_Task requirements_: Pictures are to be left out. Return exactly the lines below from the one with "Display system and display device" up to and including the one with "Nasa's Mars rover".

_Provided records_:
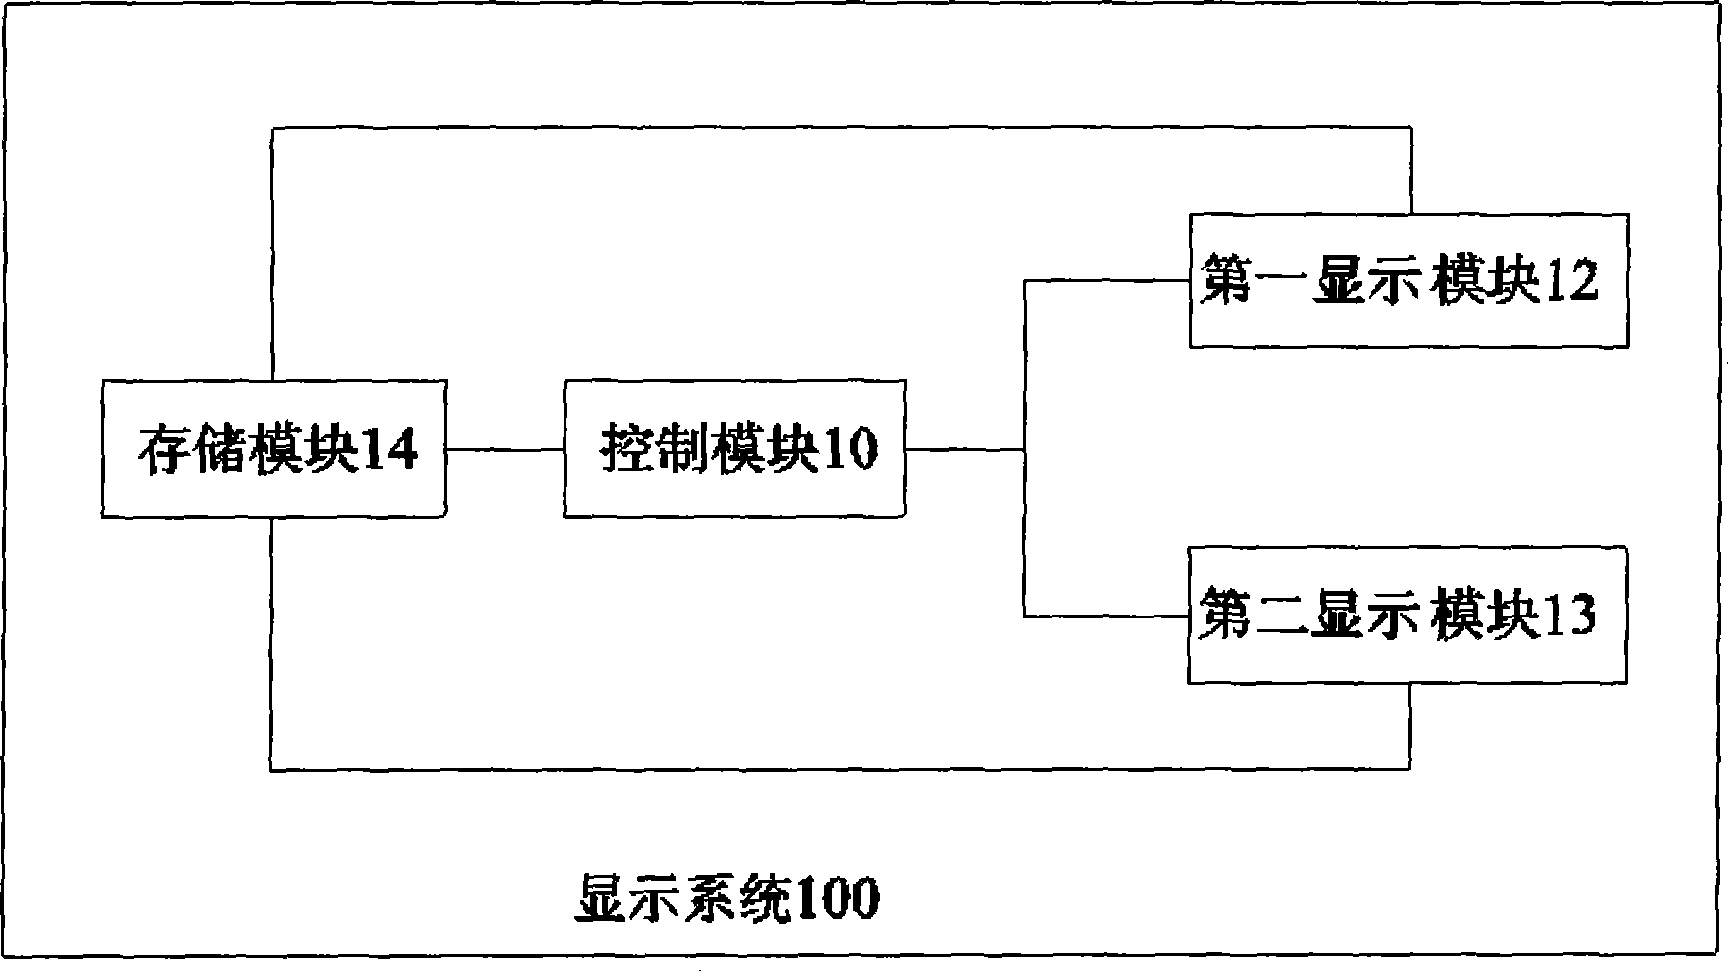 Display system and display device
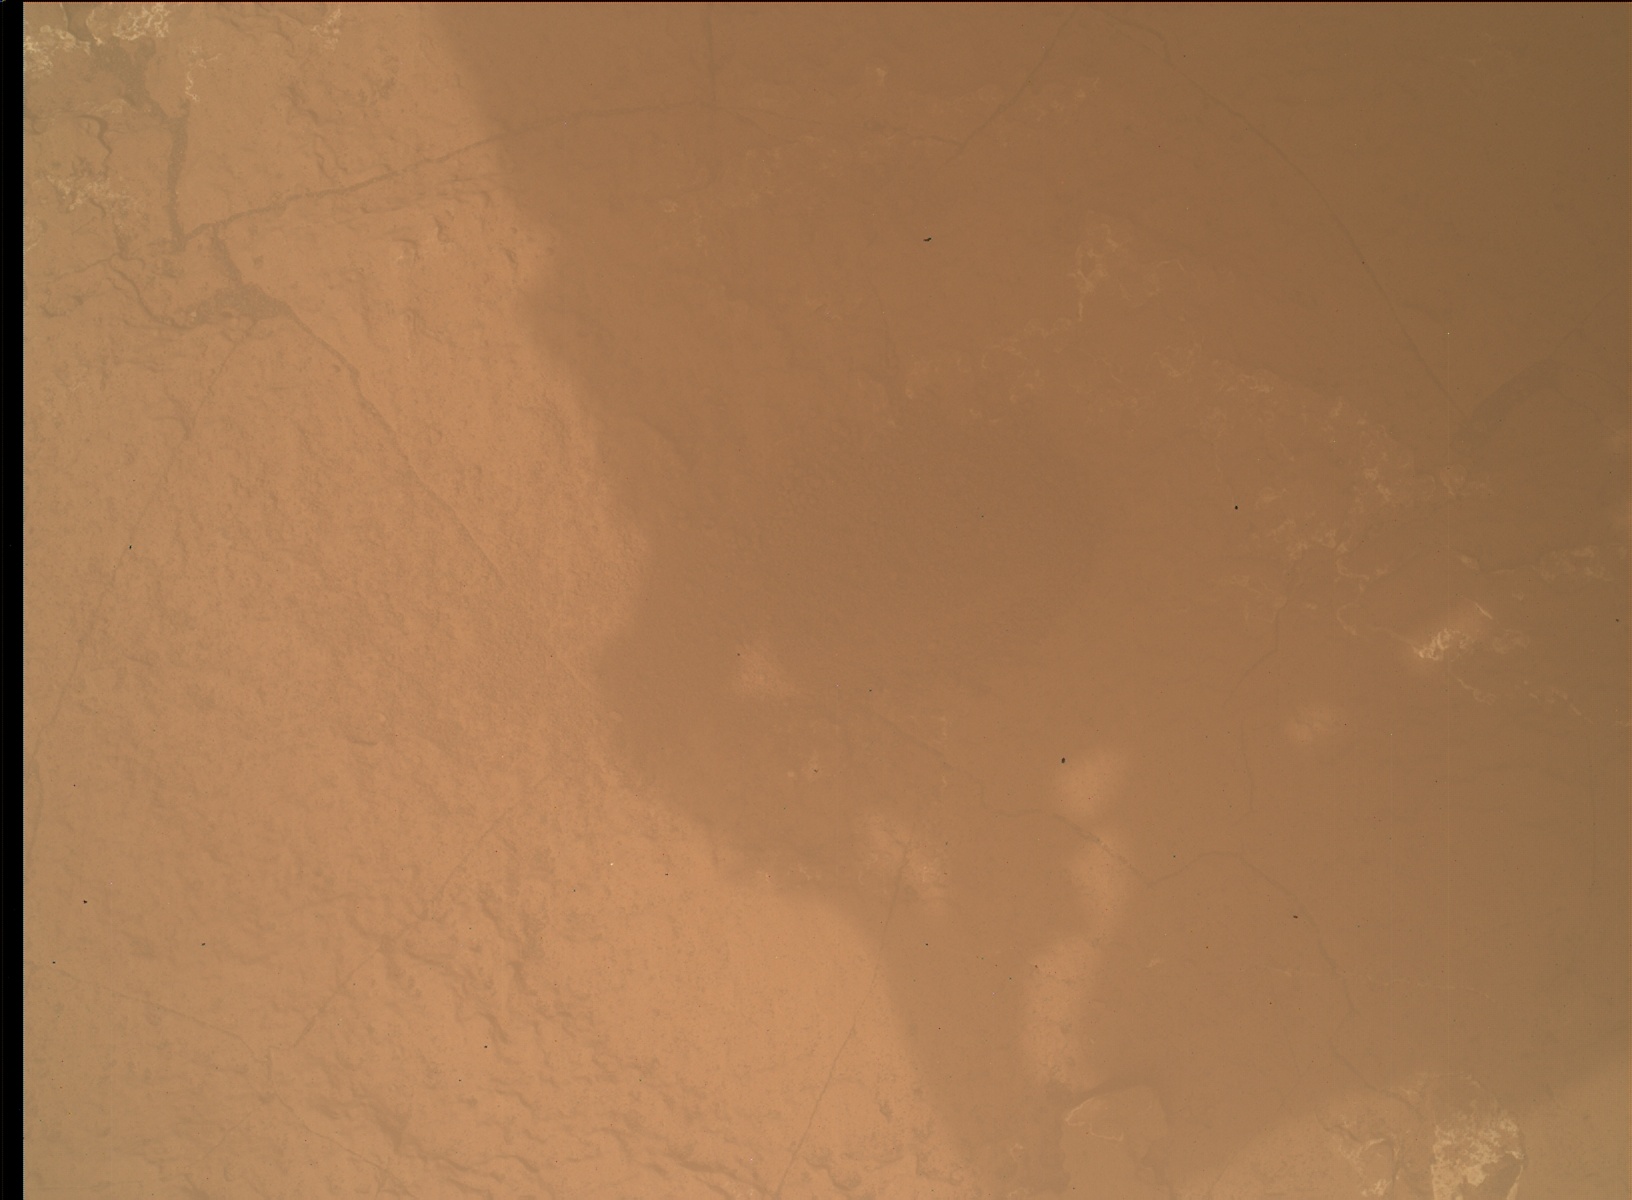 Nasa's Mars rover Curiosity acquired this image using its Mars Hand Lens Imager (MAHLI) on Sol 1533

--

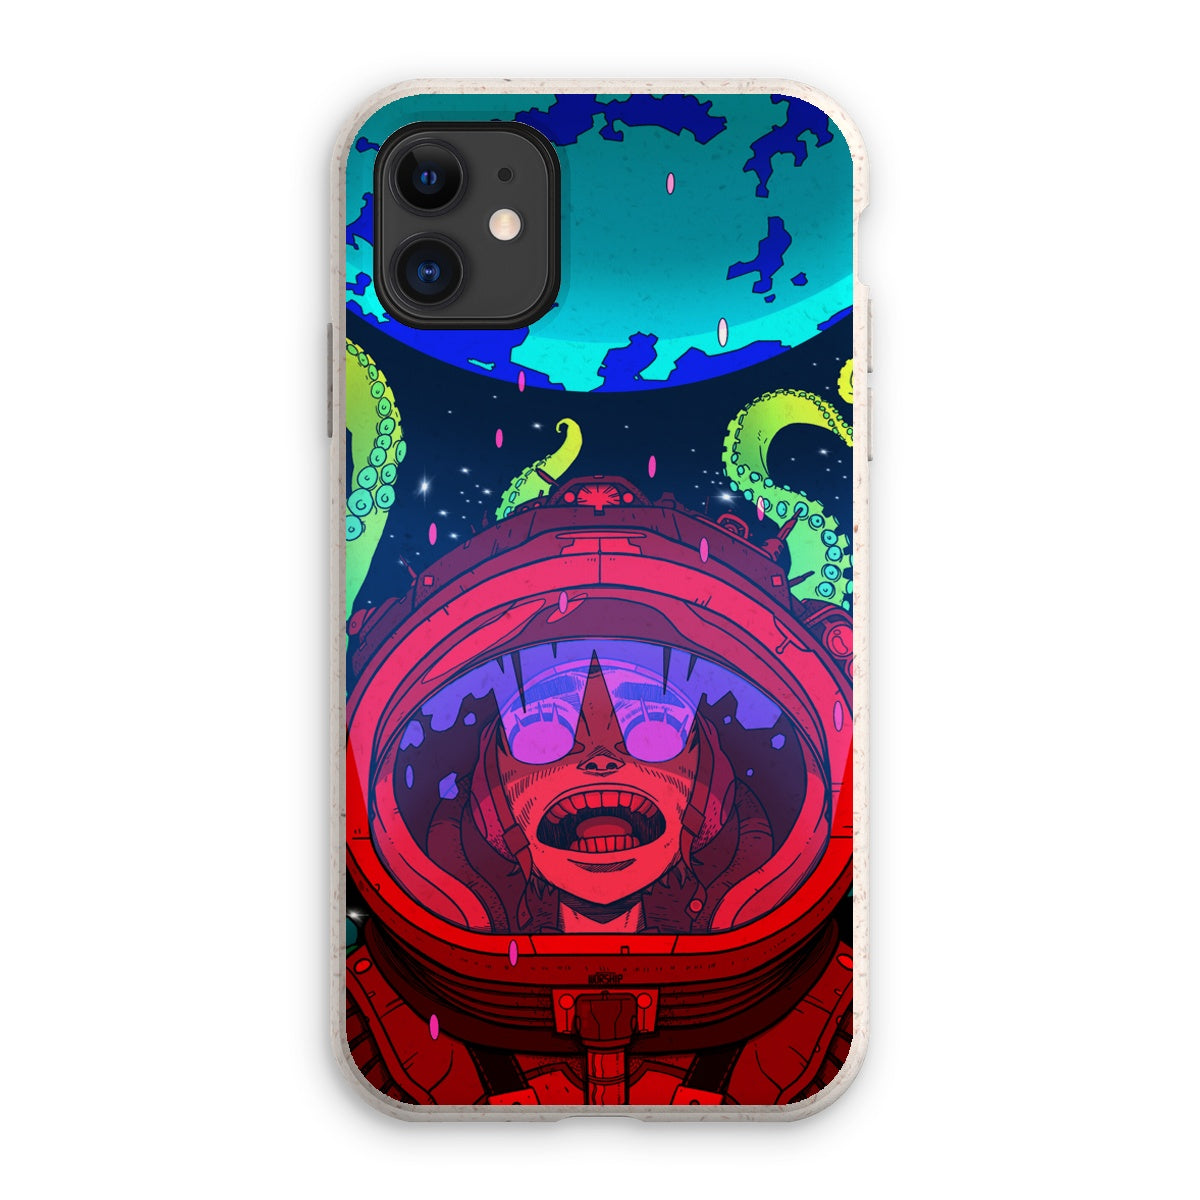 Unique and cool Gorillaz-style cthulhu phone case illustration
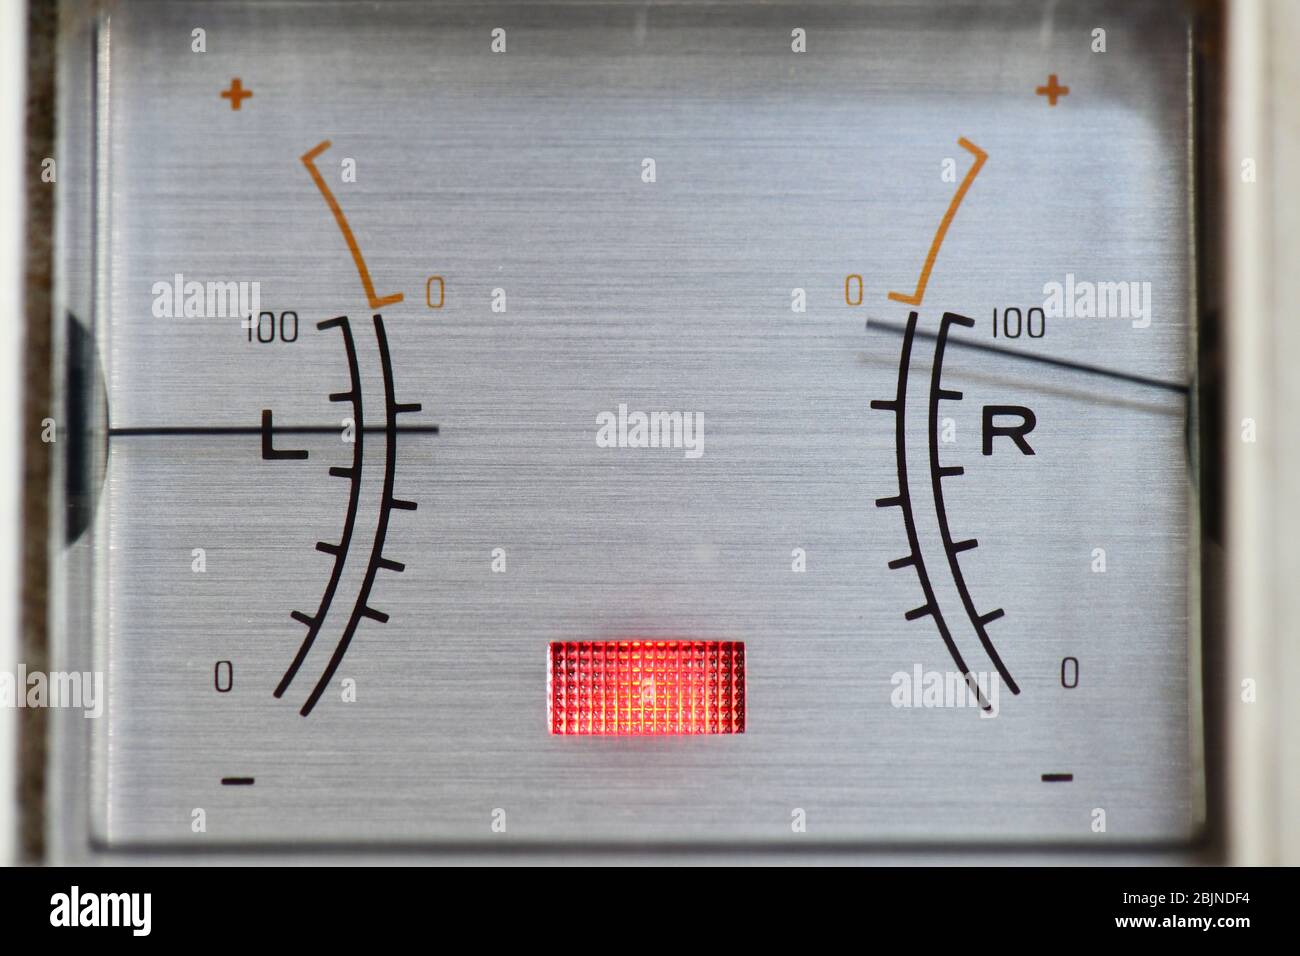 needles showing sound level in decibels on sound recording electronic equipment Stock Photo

_Written answer_:
 Display system and display device
 Nasa's Mars rover Curiosity acquired this image using its Mars Hand Lens Imager (MAHLI) on Sol 1533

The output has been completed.